---
title: "Introduction"
output: rmarkdown::html_vignette
vignette: >
%\VignetteIndexEntry{1) Introduction}
%\VignetteEngine{knitr::rmarkdown}
%\VignetteEncoding{UTF-8}
---
```{r, include = FALSE}
knitr::opts_chunk$set(
collapse = TRUE,
comment = "#>"
)
```
```{r setup}
library(zctaCrosswalk)
```
This package is designed to help answer common analytical questions that arise
when working with US ZIP Codes.
Note: the entity which maintains US ZIP Codes (the US Postal
Service) does not release a map or crosswalk of that dataset. As a result, most
analysts instead use [ZIP Code Tabulation Areas (ZCTAs)](https://www.census.gov/programs-surveys/geography/guidance/geo-areas/zctas.html) which
are maintained by the US Census Bureau. Census
also provides [Relationship Files](https://www.census.gov/geographies/reference-files/time-series/geo/relationship-files.2020.html#zcta) that maps ZCTAs to other geographies.
This package provides the Census Bureau's "2020 ZCTA to County Relationship File" as a tibble, combines it with useful publicly available metadata (such as State names) and provides convenience functions for querying it.
The main functions in this package are:
* `?get_zctas_by_state`
* `?get_zctas_by_county`
* `?get_zcta_metadata`
## ?get_zctas_by_state
`?get_zctas_by_state` takes a vector of states and returns the vector of ZCTAs in those states.

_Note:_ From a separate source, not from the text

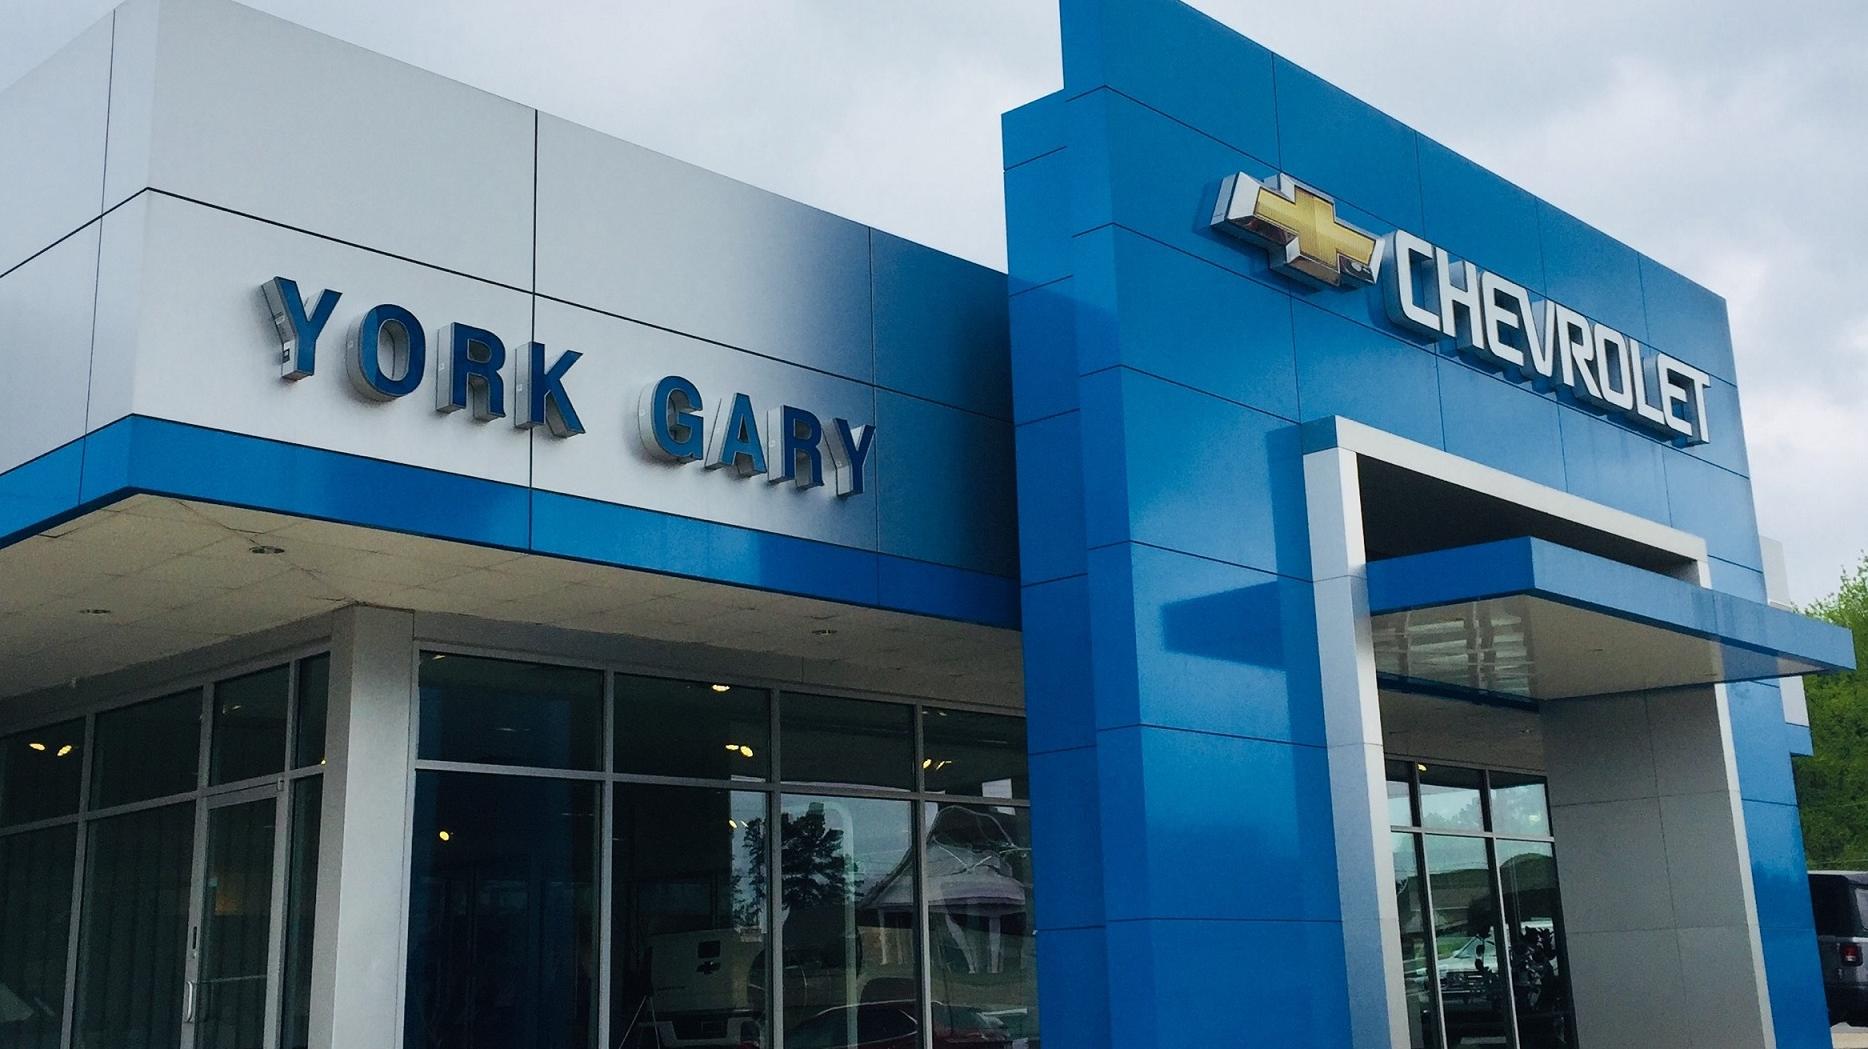 York Gary Autoplex 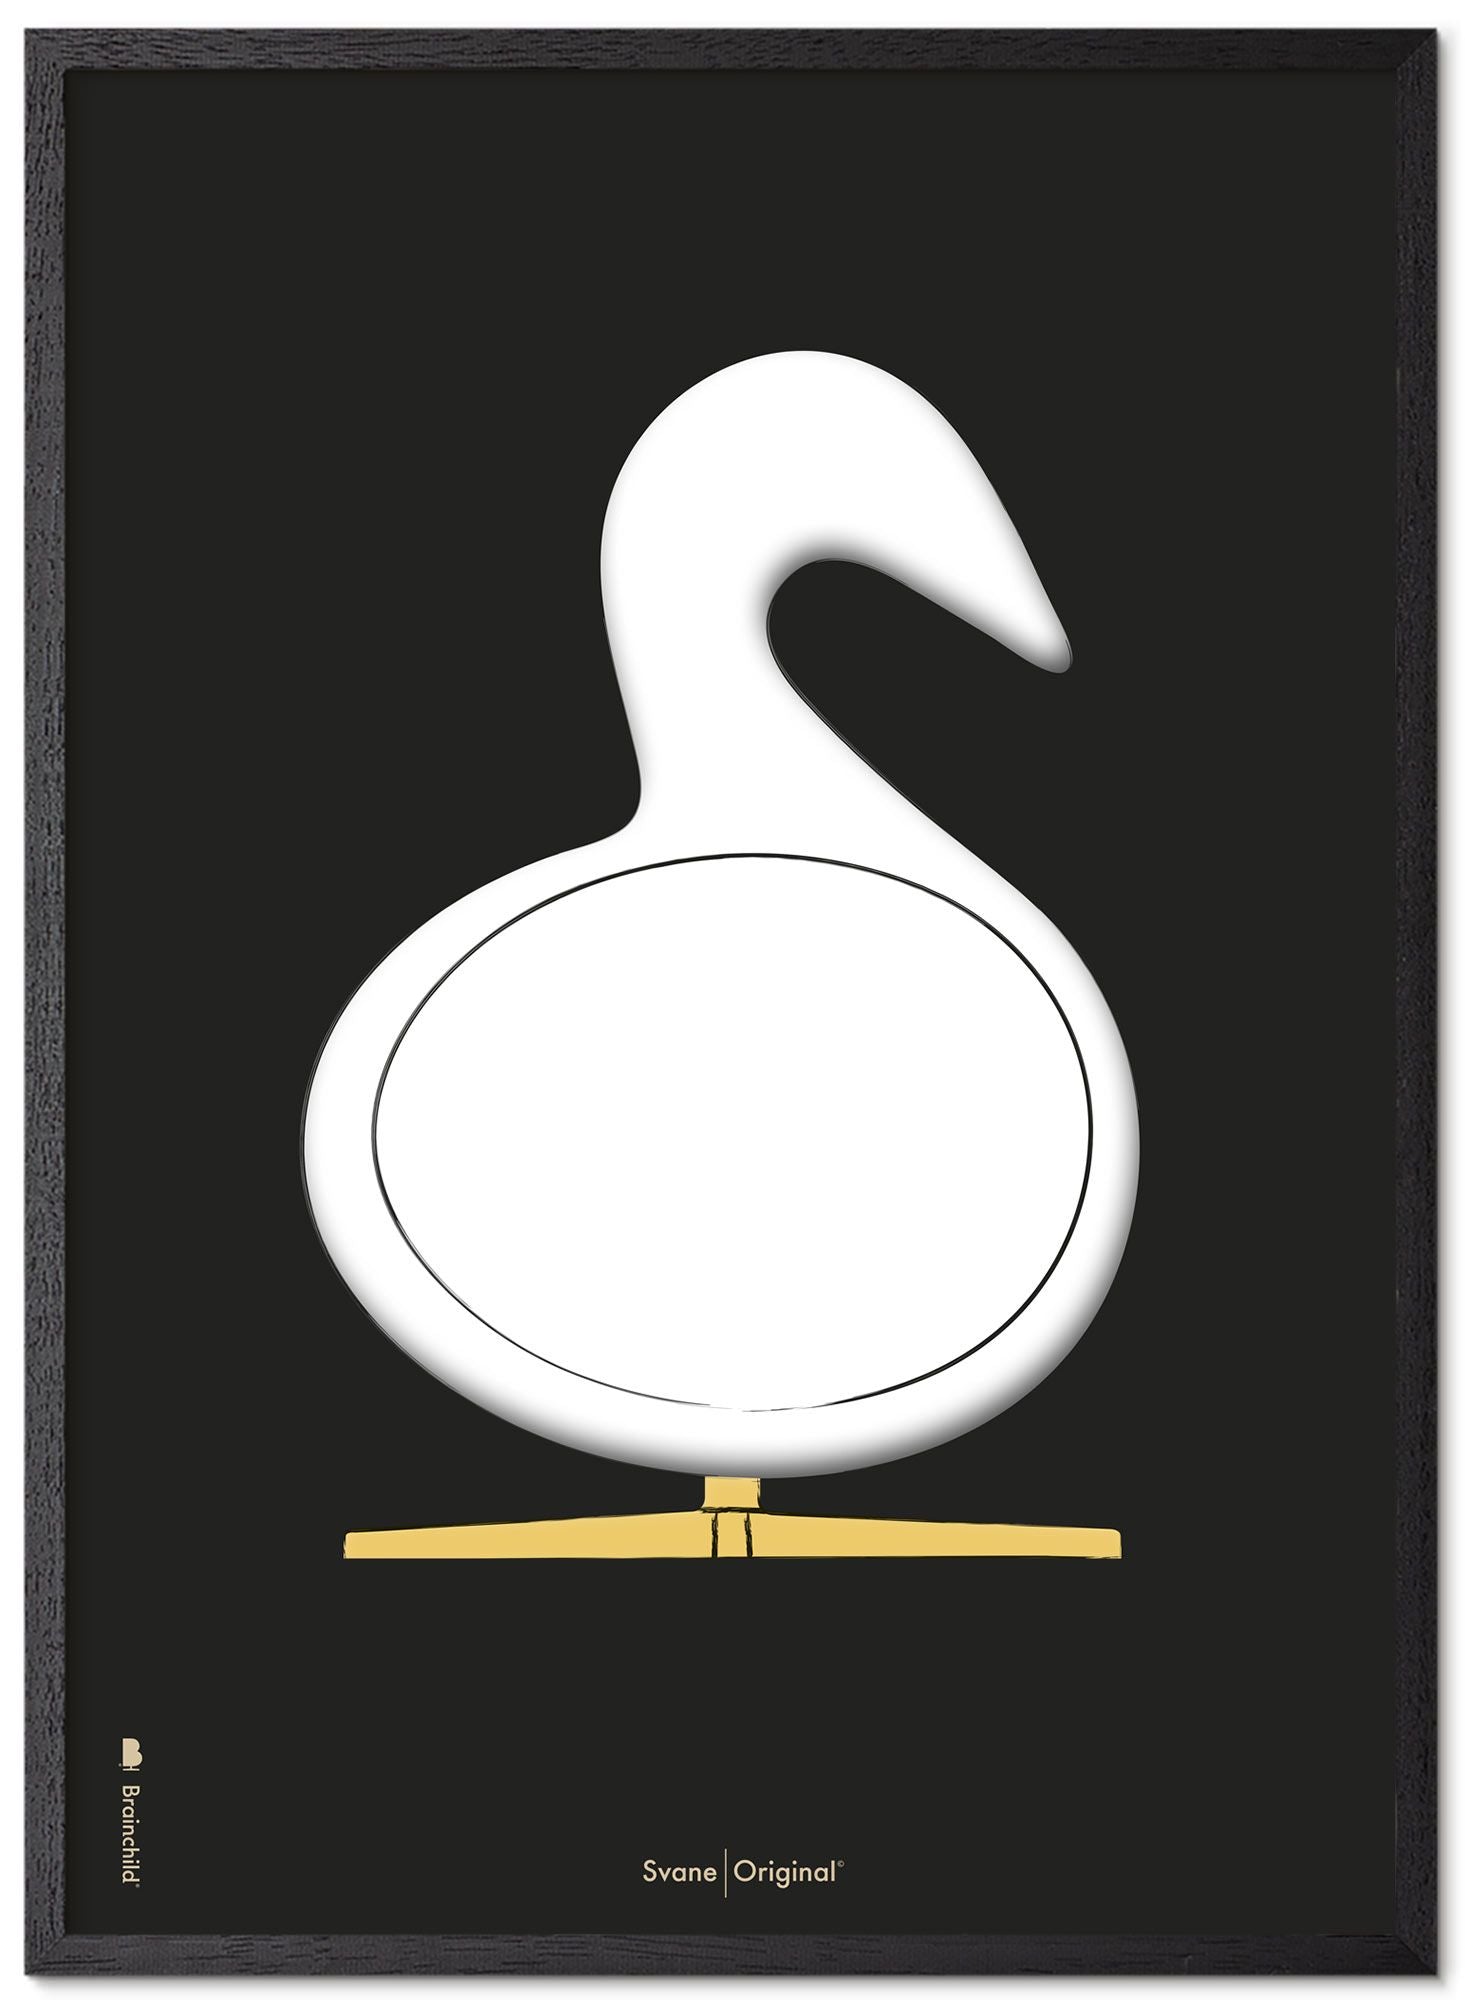 Brainchild Swan Design Sketch Poster Frame Made Of Black Lacquered Wood 50x70 Cm, Black Background

Here are some examples:
```{r}
# Not case sensitive when using state names
head(
get_zctas_by_state("California")
)
# USPS state abbreviations are also OK - but these *are* case sensitive
head(
get_zctas_by_state("CA")
)
# Multiple states at the same time are also OK
head(
get_zctas_by_state(c("CA", "NY"))
)
# Throws an error - you can't mix types in a single request
# get_zctas_by_state(c("California", "NY"))
```
A common problem when doing analytics with states is ambiguity around names. For
example, most people write "Washington, DC". But this dataset uses "District of Columbia". The most common solution to this problem is to use [FIPS Codes](https://en.wikipedia.org/wiki/Federal_Information_Processing_Standard_state_code)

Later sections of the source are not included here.